Still, the pinukpuk has not gone unnoticed. Designers Rene Salud and Dita Sandico-Ong are ardent supporters of the product, featuring the fabric in their shows, and former senator Loren Legarda purchases bolts of pinukpok with frequency. The fabric has also made the rounds in Manila through the efforts of the non-stock non-profit organization Market Encounter Goes to Manila and the aforementioned Gayon Bicol Fiesta II. The latest promotional effort is the Pinukpok Fashion Show, held last June 24, where local government officials, led by Albay Governor Joey Salceda, showed support by donning on evening outfits made from pinukpok.

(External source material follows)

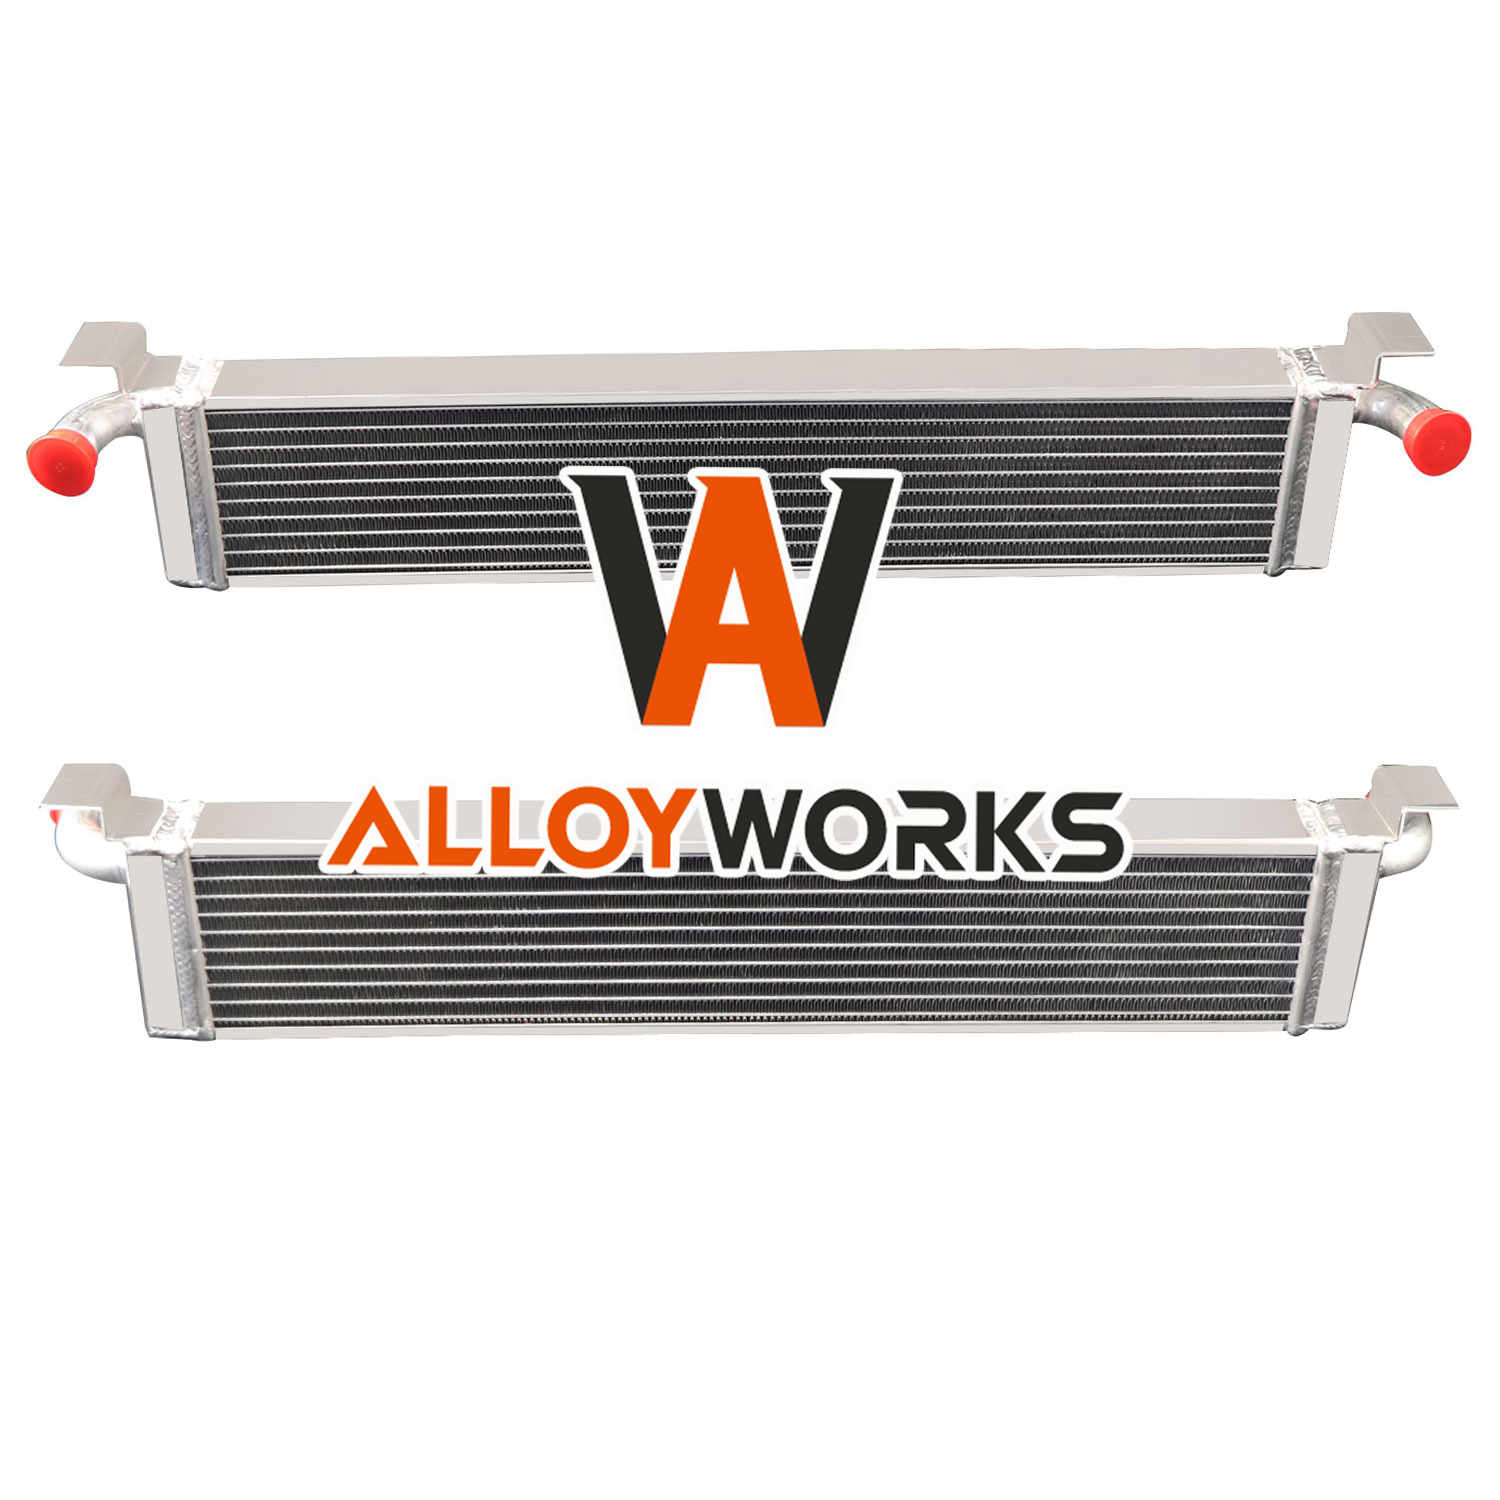 2 Row Radiator For Kitfox w/Rotax 532/582, 618, 670 2-stroke engine

Bicolano designer Danny Clint (no, I don’t think that’s his complete name, either), who was previously based in Dubai for three years, was the sole designer to create gowns for the show. With dozens of elaborate gowns and different-colored barongs featured on the catwalk, it was truly a Herculean effort to dress the models, who were a mix of Ms. Polangui candidates and Albay government officials. When asked if there is a difference between working with more traditional fabrics and with pinukpok, Clint claims there is none. “But for the dyed ones, I had to use the class C fabric, which has cotton strands woven with abaca. The cotton strands were dyed, giving color to the fabric and creating patterns.”

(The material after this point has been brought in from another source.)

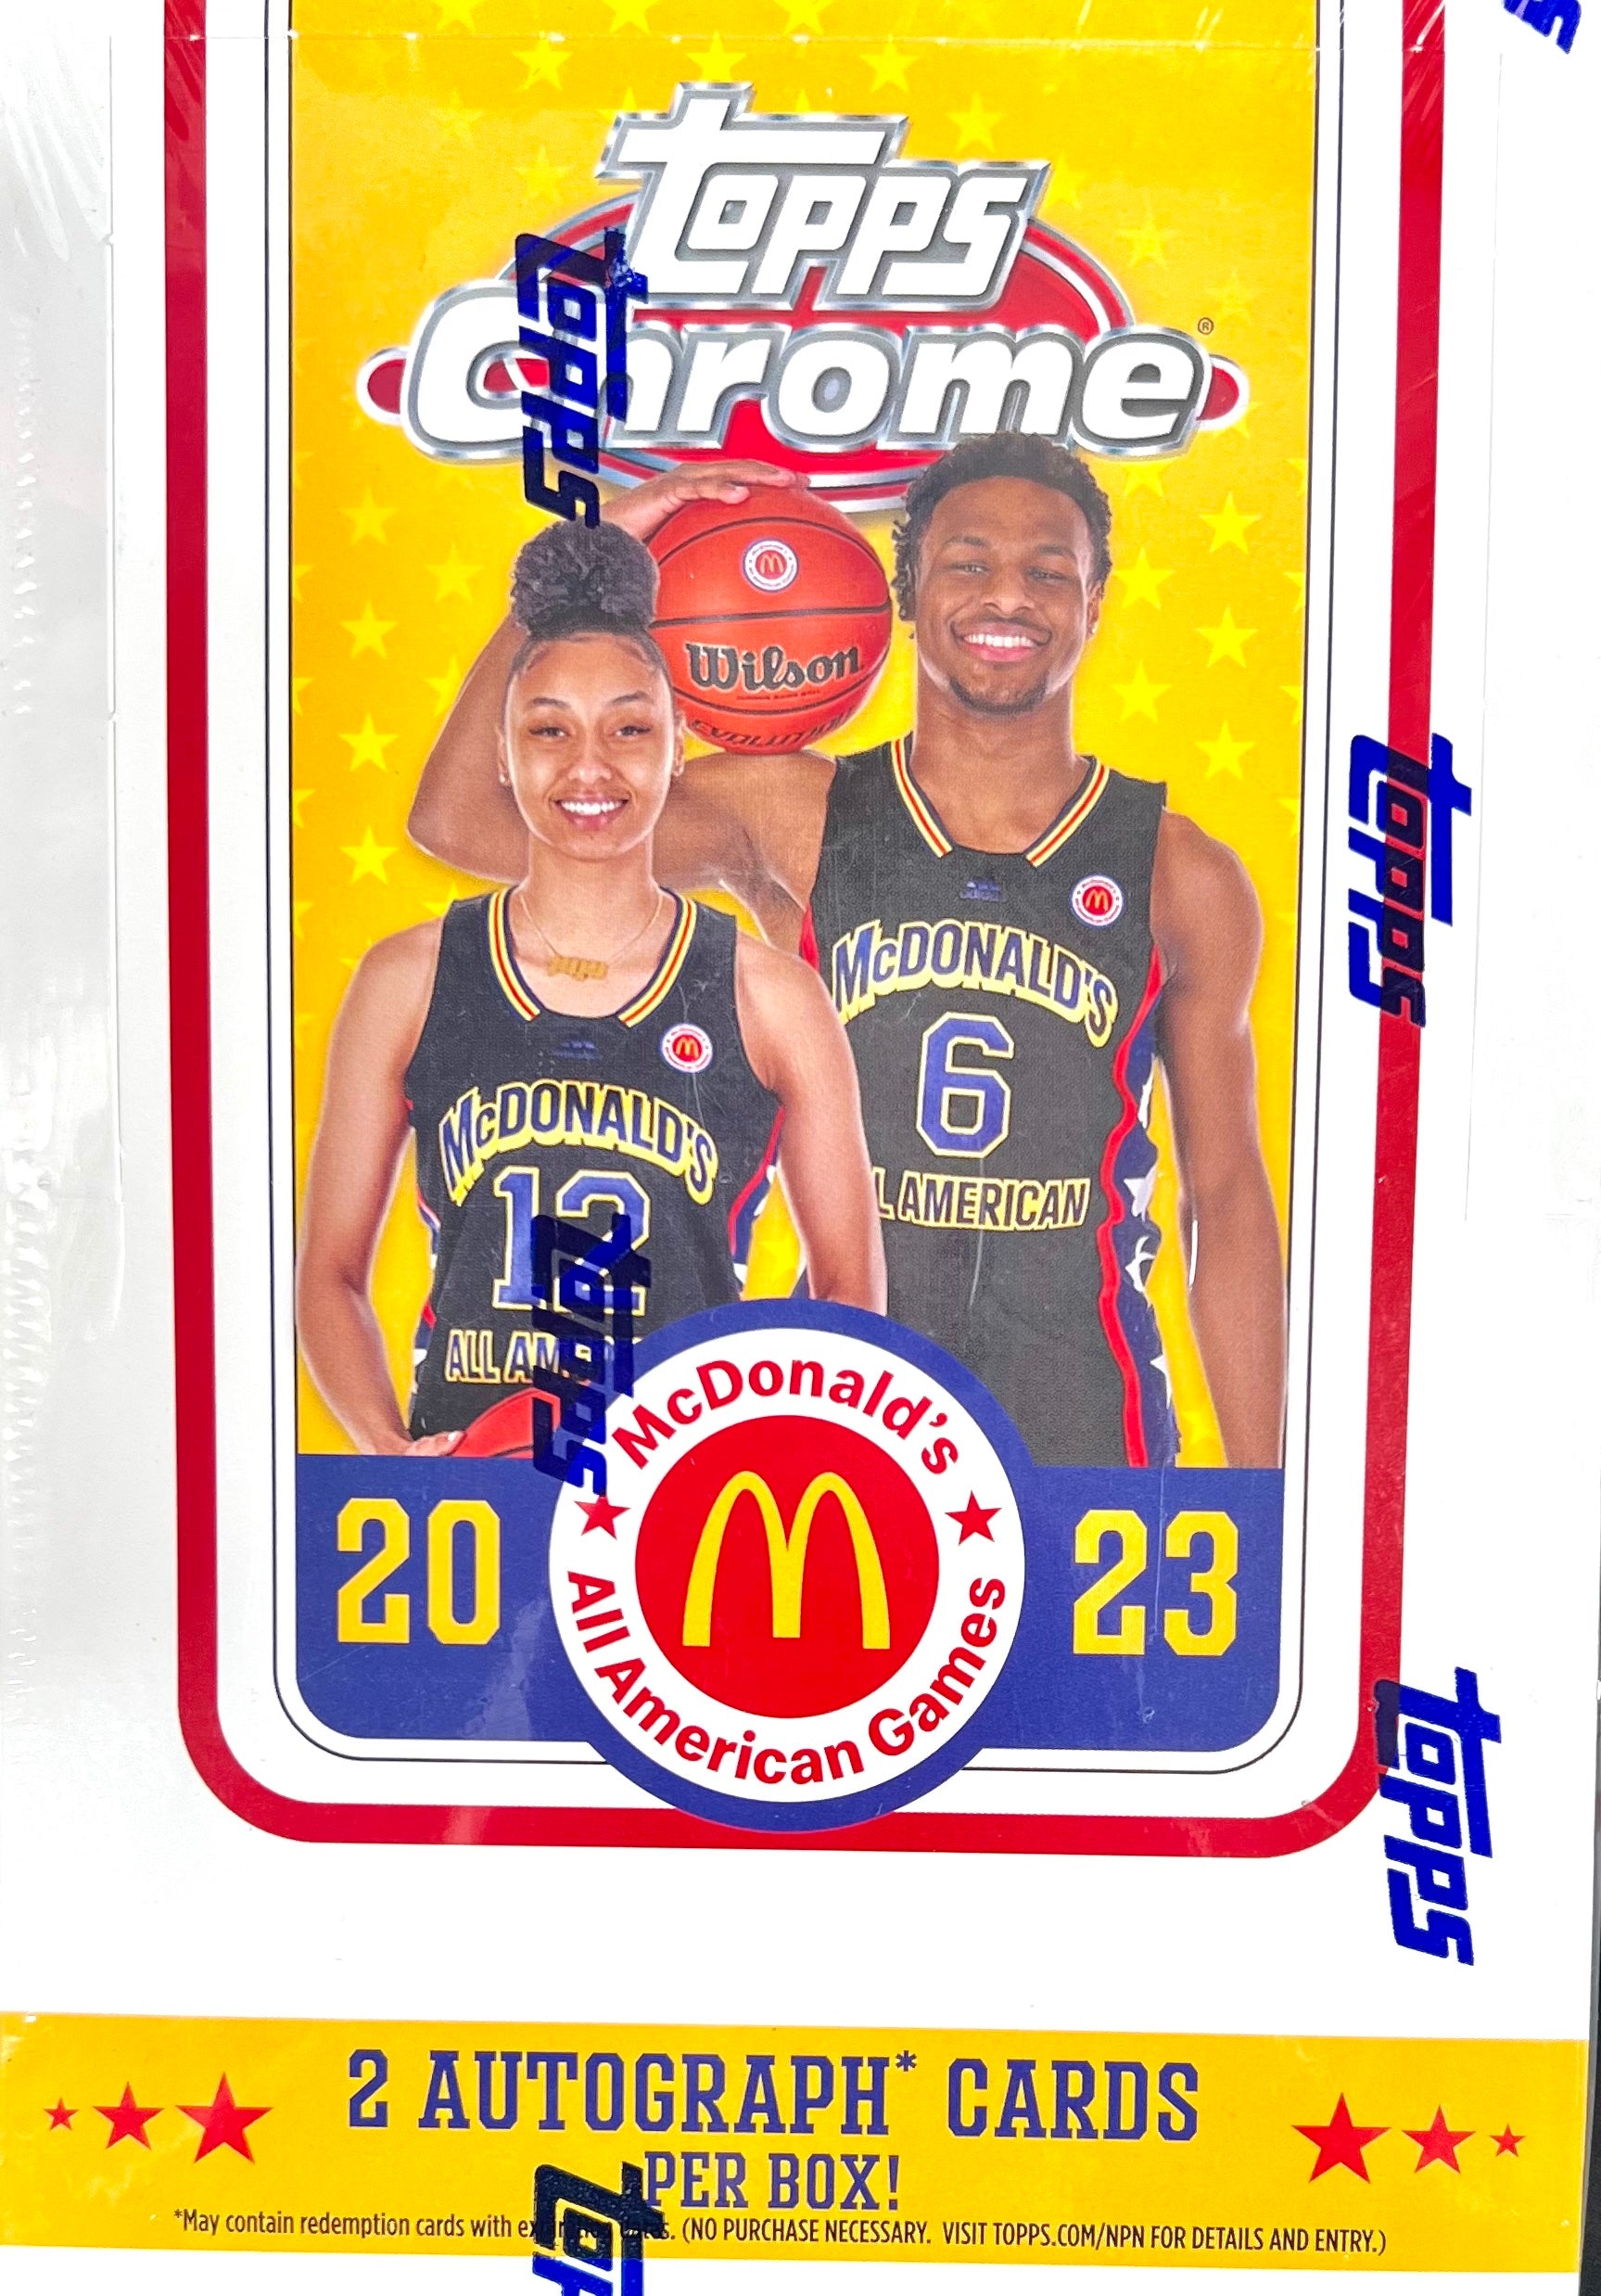 McDonald's All American Games, Marketing

There are different tacks that the local government could take to market the fabric: they can opt for its commercialization, training more weavers and adding more rotary presses to meet the demands that will come after heavy promotion of the fabric in the local and international textile industry. Or, they can use its element of exclusivity as leverage and promote it as a scarce but highly covetable commodity, something that is not too far from the pinukpok’s current status. It can approximate the “rare and exotic” status of South Cotabato’s T’nalak fabric (though T’nalak weaving both as an art and an industry faces its own problems), done without excessively working and using the resources, which are the weavers and raw abaca.
So far, the efforts exerted are somewhere in the middle of the two scenarios. Camarines Sur is working heavily on tending after its abaca plantations, a possible solution to the scarcity problem of raw material, though Pereyra says CamSur rarely supplies Banquerohan because of its own abaca-based industries. As of now, the Banquerohan weavers get their abaca from Manito, also in Albay. DTI and DOLE can also prop up pinukpok weaving as a serious and consistent income-generating industry, not just as a start-up livelihood program for short- to mid-term poverty alleviation. By extension, the Department of Tourism can promote it as a craft, an art, and not just another Bicol souvenir, raising its prestige level.
As for fashion hounds, the next time they head south of Luzon, I hope they opt to drop by the weavers’ workstation and buy for themselves some pinukpok fabric. After all, nationalism is now a certifiable fashion trend; why not step out of the box of shirts silkscreened with the Philippine map and support an industry that is 100 percent Filipino, made with 100 percent Filipino raw material — and, in the process, help the livelihood of those who really need it?